Si esto es así, todos los textos en que nos debatimos están condicionados por la cultura de
los grupos donde surgen y será papel de los discursos construir la identidad diversa y plural
de los sujetos enunciadores, configurar la diversidad de contenidos y saberes en su
trasfondo ideológico, conflictuar las posiciones de todos a través del diálogo, generar
diversas interpretaciones y mantenerlas abiertas mediante la argumentación.

Este universo cultural nos exige multiplicar la mirada y no perder de vista los diversos
modos de sentir, percibir, imaginar, pensar, actuar si es que queremos posicionarnos del
contexto donde nos ha tocado convivir. Ante todo, porque el lenguaje y la cultura son dos
formas del sometimiento humano, en lo cual coinciden Bajtín y Barthes.
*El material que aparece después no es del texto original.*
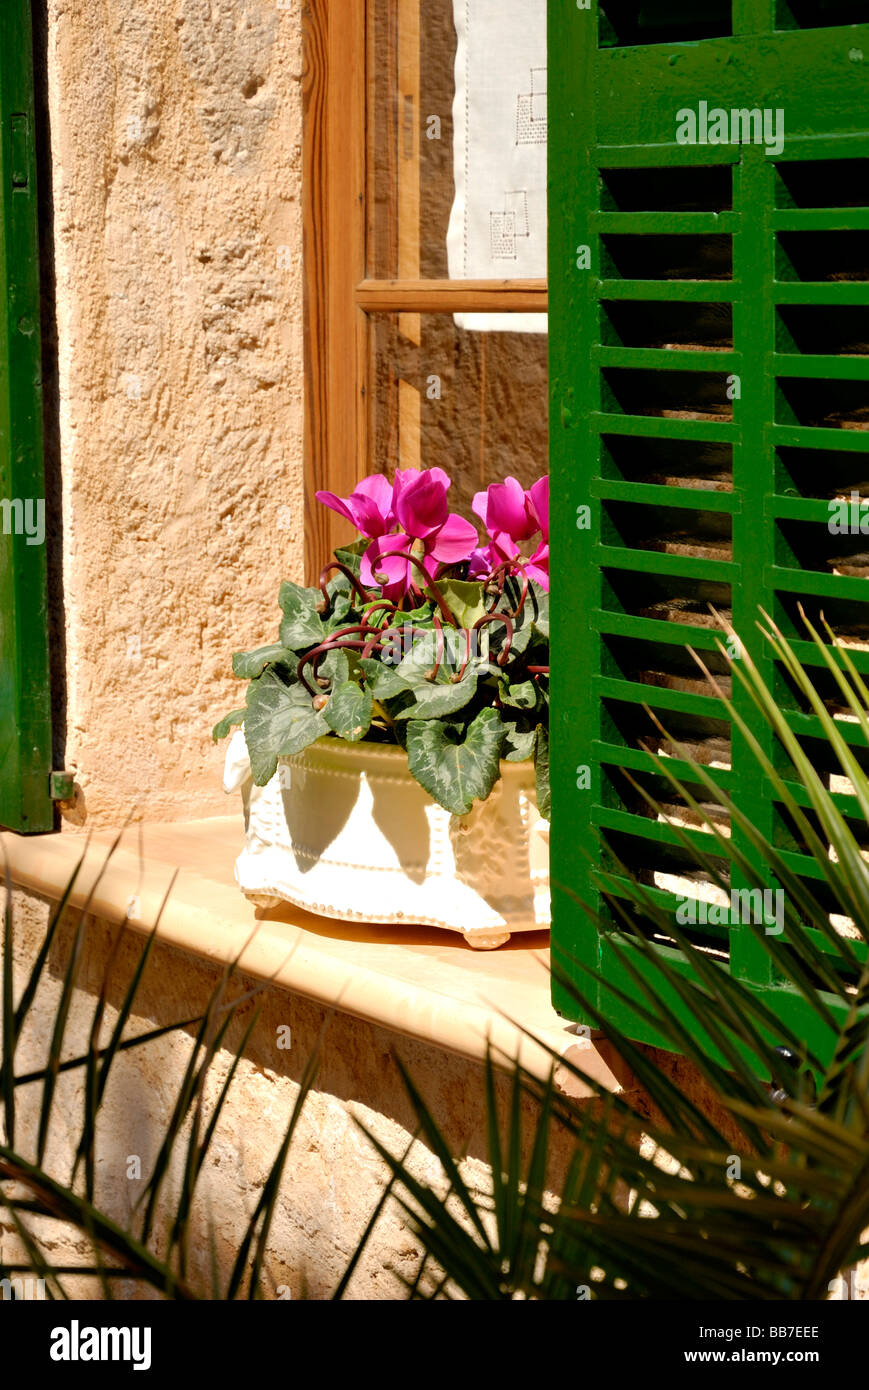 La fenêtre aux volets verts avec boîte de fleurs colorées à Alcudia, Majorque Banque D'Images

Para el primero, la
cultura es un profundo sobreentendido que condensa la experiencia humana; para el
segundo, el lenguaje es una legislación en cuyo código, la lengua, se confunden el
servilismo y el poder, de modo que solo se puede hablar de libertad por fuera del lenguaje.
18

Por eso, a quienes enseñan el lenguaje les queda como alternativa seguir el horizonte
trazado en la Lección inaugural de Barthes, porque:

…cuanto más libre sea esta enseñanza, más aún resulta necesario preguntarse en qué
condiciones y según qué operaciones puede el discurso desprenderse de todo querer-
asir. Este interrogante constituye para mí el proyecto profundo de la enseñanza que
hoy se inaugura (1978: 115) (énfasis mío).